Maxwell hypothesized the existence of the reverse process as well:
The time-varying electric field generates a magnetic field in the surrounding space.
20. How is the law of electromagnetic induction formulated according to Ampere's experiments? Ampère experience installed interaction of conductors with current, attraction of parallel conductors with current in one direction and repulsion with the opposite. The strength of the interaction grew with the current, the length of the conductors and their rotation to the field, as ampere powerF A \u003d IВlsin a. Here B=Fmax /Il-magnetic field induction(from lat. inductio - guidance) - the maximum force acting on a conductor 1 m long with a current of 1 A. It characterizes magnetism in "tesla", [B] = 1N / 1A. 1m=1Tl (N.Tesla - Serbian inventor of electrical engineering). The induction of ordinary magnets is less than 0.01 T, the Earth's is 10 -5 T, and much more on the Sun and stars. The direction of induction indicates the northern end of the magnetic needle, outside the magnet from pole C to S, current - clockwise.
What is electromotive force and how is it measured?

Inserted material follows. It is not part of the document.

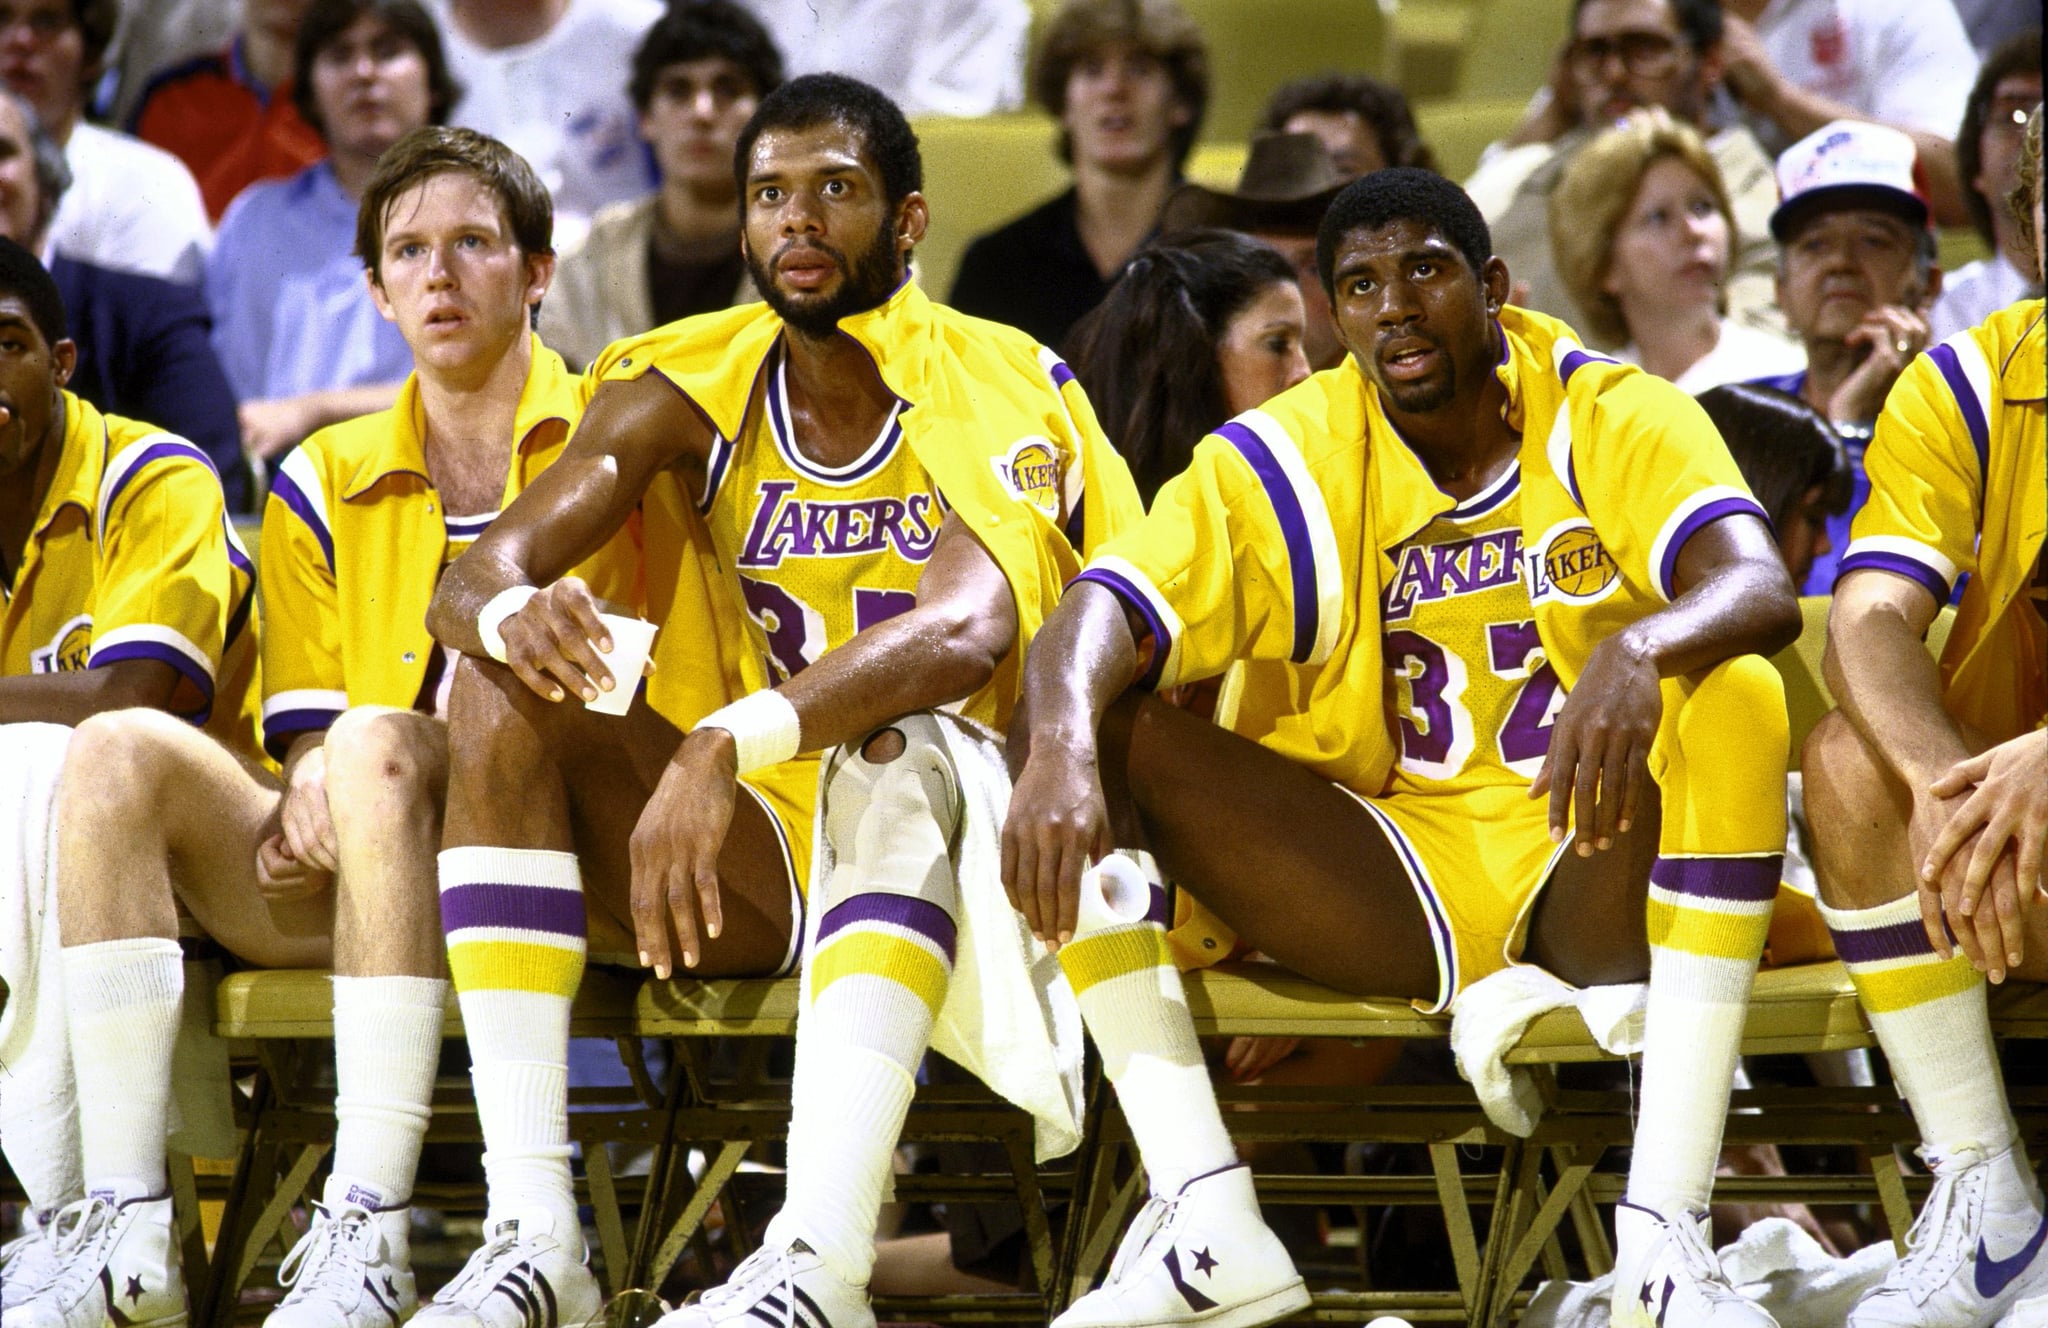  Los Angeles Lakers Kareem Abdul-Jabbar (33) and Magic Johnson (32) on sideline during game vs San Antonio Spurs. Los Angeles, CA 11/20/1981 CREDIT: Manny Millan (Photo by Manny Millan /Sports Illustrated via Getty Images) (Set Number: X26282 )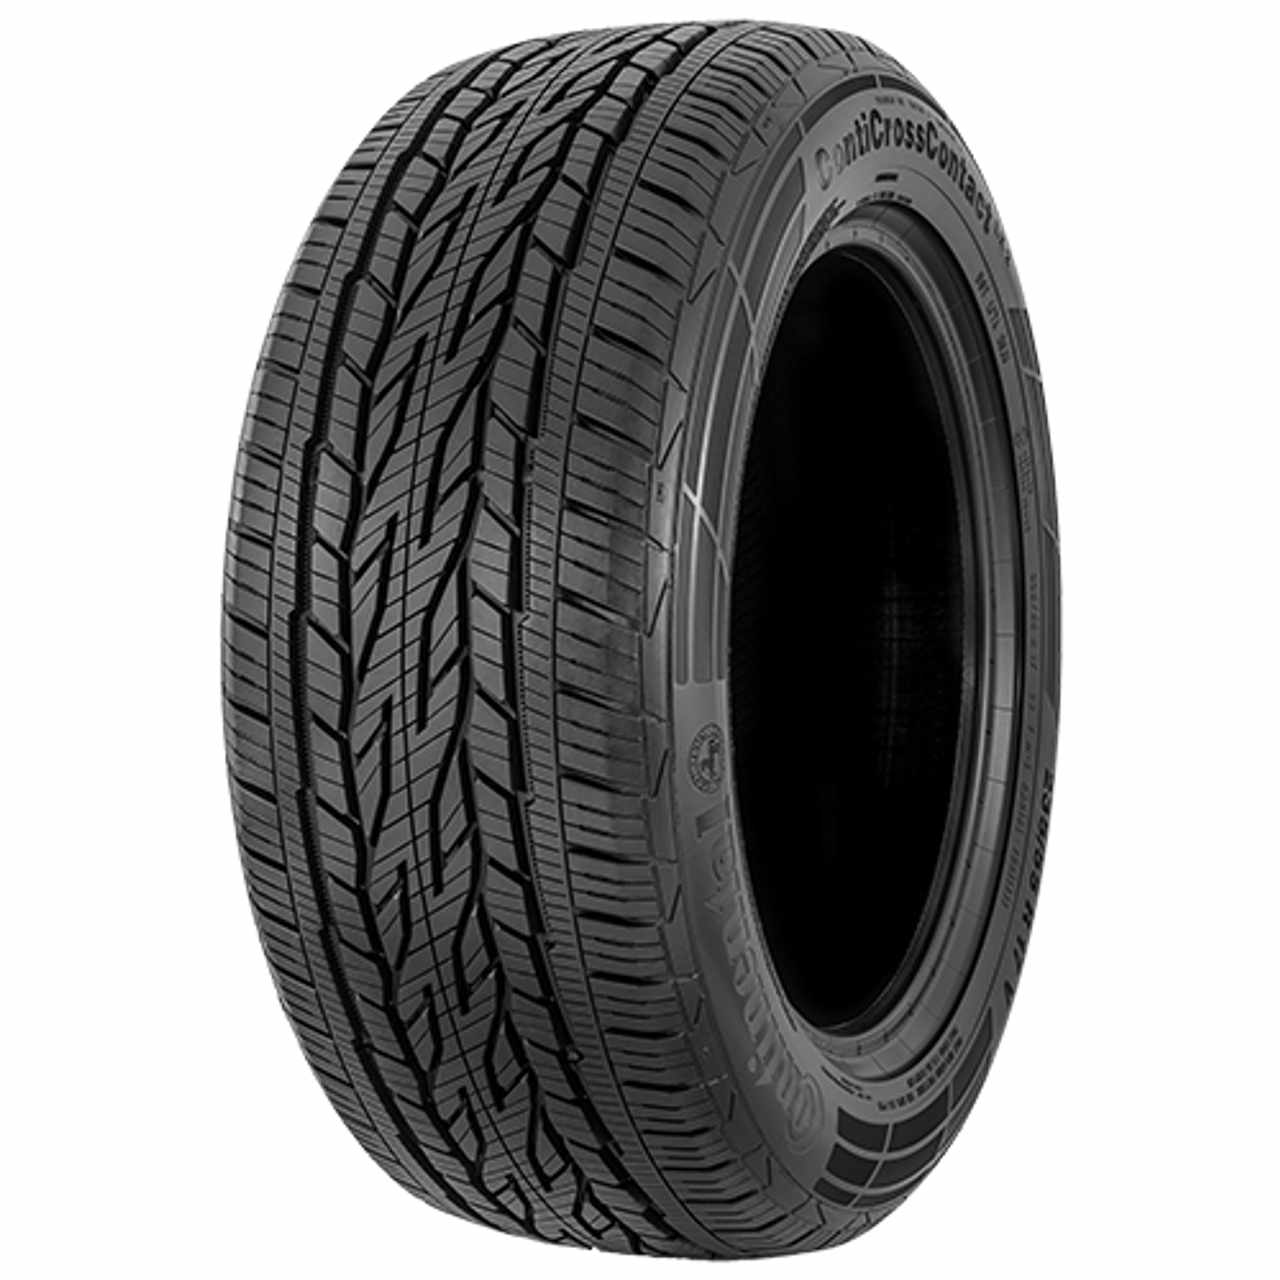 CONTINENTAL CONTICROSSCONTACT LX 2 (EVc) 215/60R16 95H FR BSW

Electromotive force(EMF) - a physical quantity that characterizes the work of external (non-potential) forces in sources of direct or alternating current. In a closed conducting circuit, the EMF is equal to the work of these forces in moving a single positive charge along the circuit.
EMF is measured, like voltage, in volts.
What is the essence of Lenz's rule?
Lenz's rule, a rule for determining the direction induction current: The inductive current that occurs when the relative movement of the conducting circuit and the source of the magnetic field always has such a direction that its own magnetic flux compensates for changes in the external magnetic flux that caused this current.
What is active electrical resistance?
Electrical resistance- a physical quantity that characterizes the properties of a conductor to prevent the passage of electric current and is equal to the ratio of the voltage at the ends of the conductor to the strength of the current flowing through it. Resistance for AC circuits and for alternating electromagnetic fields is described in terms of impedance and wave resistance. Resistance (resistor) is also called a radio component designed to be introduced into electrical circuits of active resistance.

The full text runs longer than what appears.